Travail avec les parlementaires

Désormais, « un travail de terrain auprès des parlementaires va être engagé par toutes les parties prenantes », insiste le président de la CGB afin que le texte de loi soit voté à l’Assemblée nationale et au Sénat. « Nous demandons du pragmatisme et du bon sens », appuie Franck Sander.

Et la CGB de demander dans un communiqué de presse, que d’ici à « la fin du mois de septembre le cadre réglementaire soit stabilisé afin que les agriculteurs soient sécurisés sur les conditions de culture de la betterave en 2021 », et que les « indemnisations des planteurs soient rapides et justement proportionnées aux pertes qu’ils ont subies face à un sinistre qui était ingérable et inassurable du fait d’une impasse technico-réglementaire dans laquelle ils ont été placés ».

Mesures saluées par les sucriers

Les fabricants de sucre n’ont pas tardé non plus à réagir, saluant les mesures annoncées par le ministre de l’Agriculture. « Par leur écoute des demandes de la filière et par leur action déterminée, le ministre et le gouvernement démontrent ainsi toute l’importance qu’ils accordent aux acteurs de la filière de la betterave, du sucre et de l’alcool et leur souhait de permettre aux associés coopérateurs de Tereos d’envisager plus sereinement leur choix d’assolement pour la campagne de 2021 », écrit ainsi Tereos dans un communiqué de presse paru le même jour.

De son côté, Cristal Union rappelle que « plusieurs États membres de l’Union européenne ont déjà accordé des dérogations à leurs agriculteurs. Ce plan de soutien et cette modification législative sont donc très attendus par l’ensemble de la filière. »
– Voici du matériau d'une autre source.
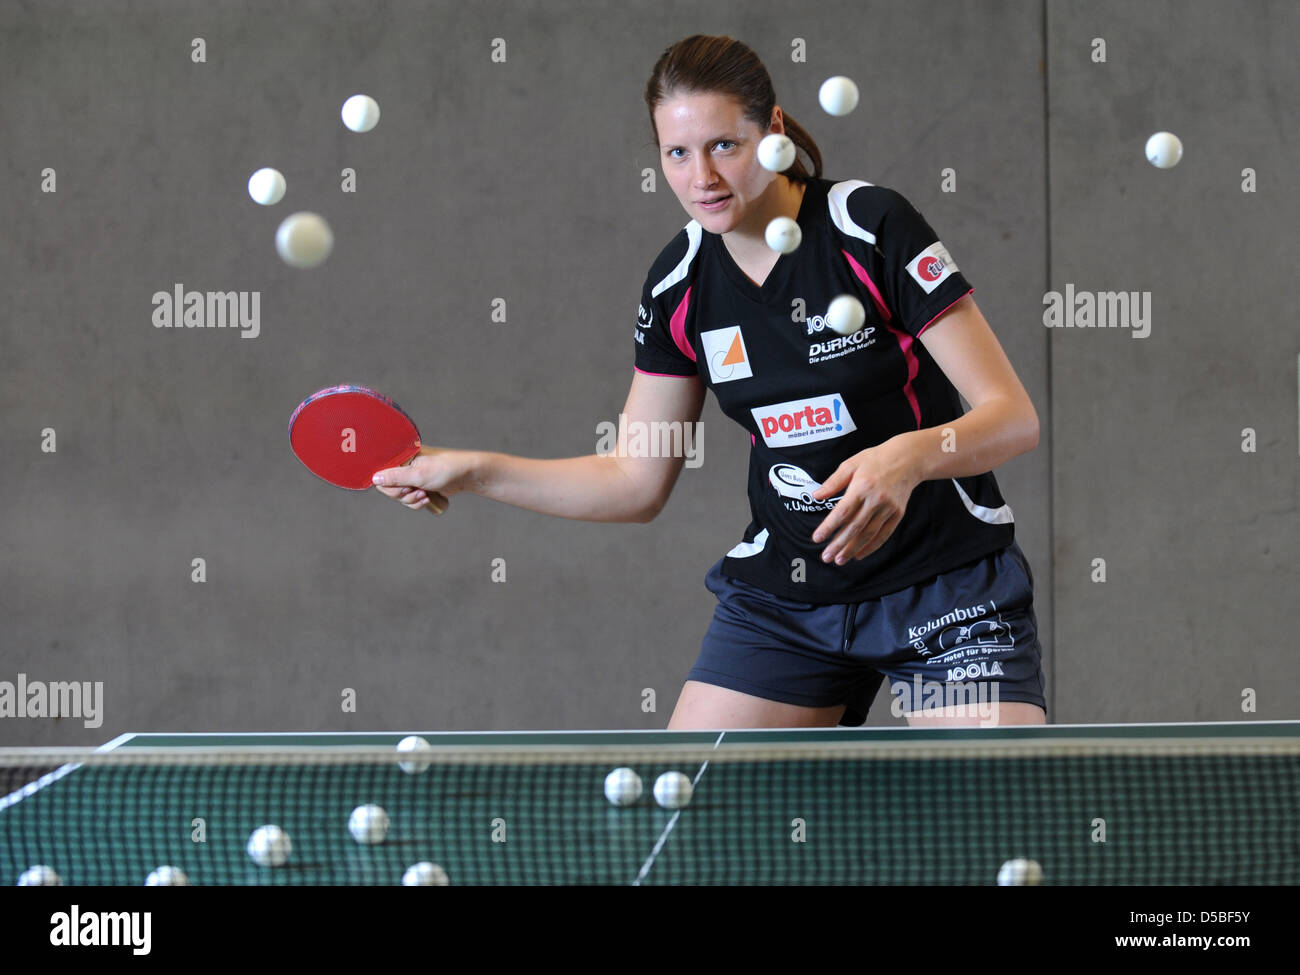 Berlino, Germania, ping-pong player Irene Ivancan Immagini Stock

Générations futures « scandalisée »

En revanche, Générations futures s’insurge contre cette décision ministérielle qui « constitue un recul important du gouvernement sur la question de ces insecticides “tueurs d’abeilles”. Cette décision est d’autant plus inacceptable pour l’association qu’il existe d’autres produits homologués pour lutter contre le puceron de la betterave pour laquelle l’Anses admettait dans un avis sur les néonicotinoides de 2018 qu’il n’y avait pas d’impasse [technique pour cette culture. »
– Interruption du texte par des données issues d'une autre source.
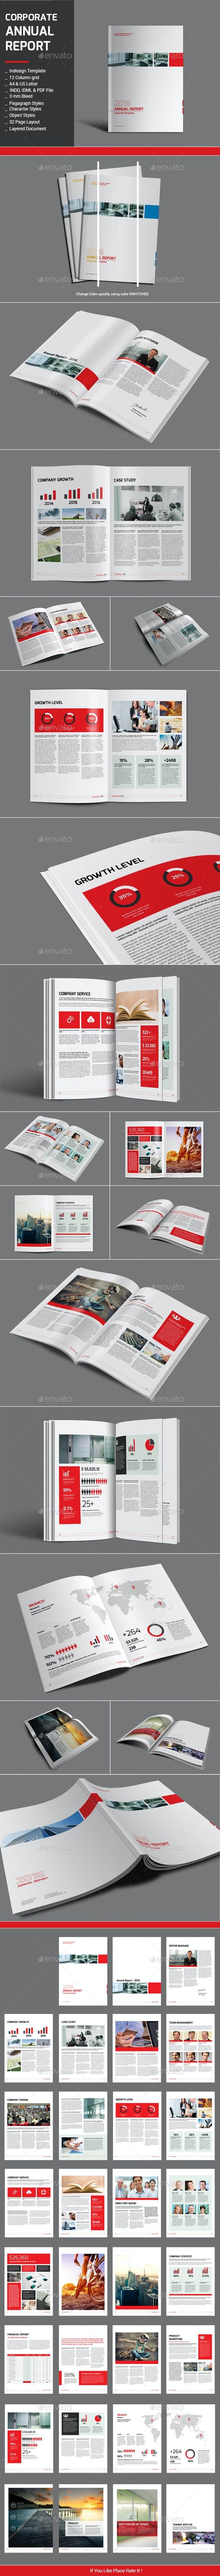 Corporate Annual Report - Informational Brochures

« Ces dérogations pour un retour de l’emploi des néonicotinoïdes sur betterave constituent un recul inacceptable qui démontre que ce gouvernement plie aisément sous le poids des lobbys de l’agrochimie et de l’agriculture industrielle et a renoncé à être le leader de la lutte contre les insecticides tueurs d’abeilles en Europe ! » estime François Veillerette, directeur de l’association environnementaliste.